Questa realtà è triste perchè raggiunge dei risultati opposti a quelli prefissati, a quelli che una scuola dovrebbe mantenere; in poche parole è una realtà fallimentare. Se volessimo filosofare potremmo ipotizzare una scuola libera da verifiche, diventando un po’ utopisti. Ignoriamo i nostri pensieri critici e la nostra coscienza che ci dice che è irrealizzabile e che non avrebbe senso un’idea come questa: concentriamoci su ciò che si potrebbe ottenere. Lezioni tranquille, approfondite e interessanti. Perchè la verità è che una lezione disamorata e fine a se stessa e al completamento del programma, annoia.

Inoltre, nella nostra “Scuola del Sole”, troveremmo solo persone realmente interessate e ispirate; chi non ha interesse, non frequenta, alunno o docente che sia.

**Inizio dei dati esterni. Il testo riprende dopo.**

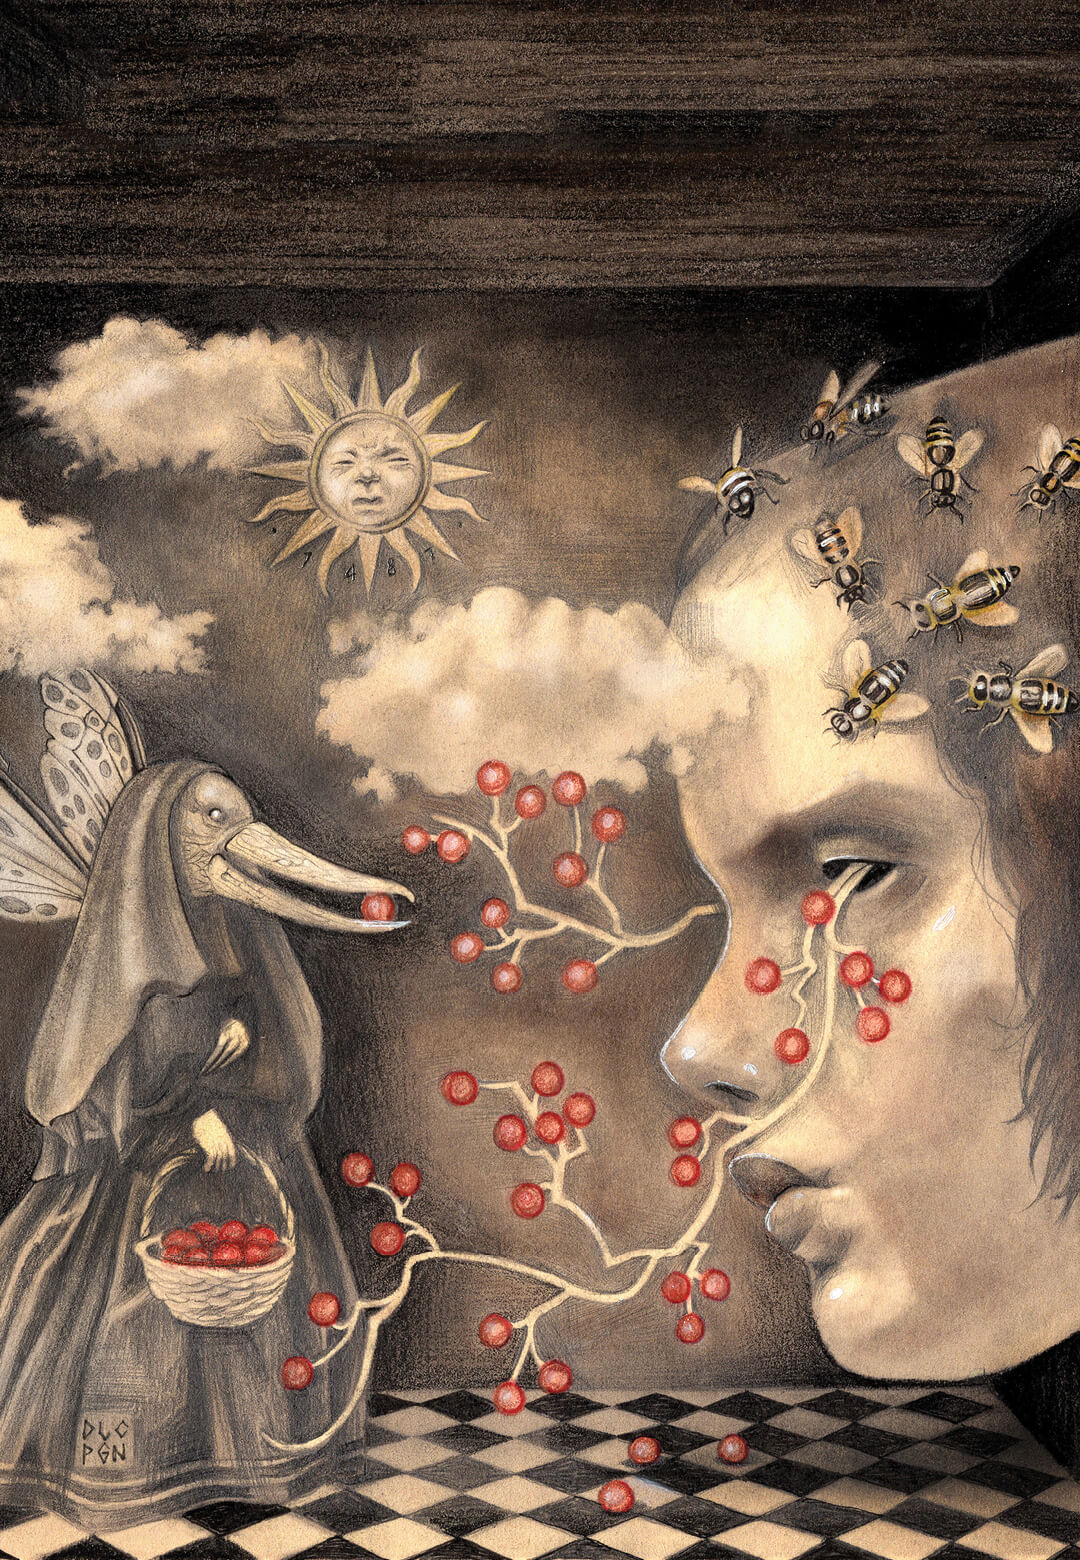 Room of tears by Ceren Aksungur| STIRworld

Ci ritroviamo invece una scuola che minimizza, perchè di questo di tratta: minimizzare le conoscenze rendendole nozioni, essenziali, minime, ristrette, al fine di superare la verifica di turno. Ci chiediamo provocatoriamente: questa è cultura? Lo è davvero? La cultura (o meglio, la conoscenza) accompagna verso la libertà perché libera dai paraocchi dell’ignoranza e dal male che questa potrebbe generare. Ma nei termini appena descritti è davvero libertà di pensiero? O è solo un’insieme di informazioni funzionali? La didattica strumentale priva di spirito critico perde efficacia, drasticamente.

Ovviamente non si voleva fare di tutta l’erba un fascio. Ma forse, se le cose stanno davvero così, non sarebbe più utile (e bello) aprire un libro e leggere per conto proprio?

Siamo di nuovo provocatori.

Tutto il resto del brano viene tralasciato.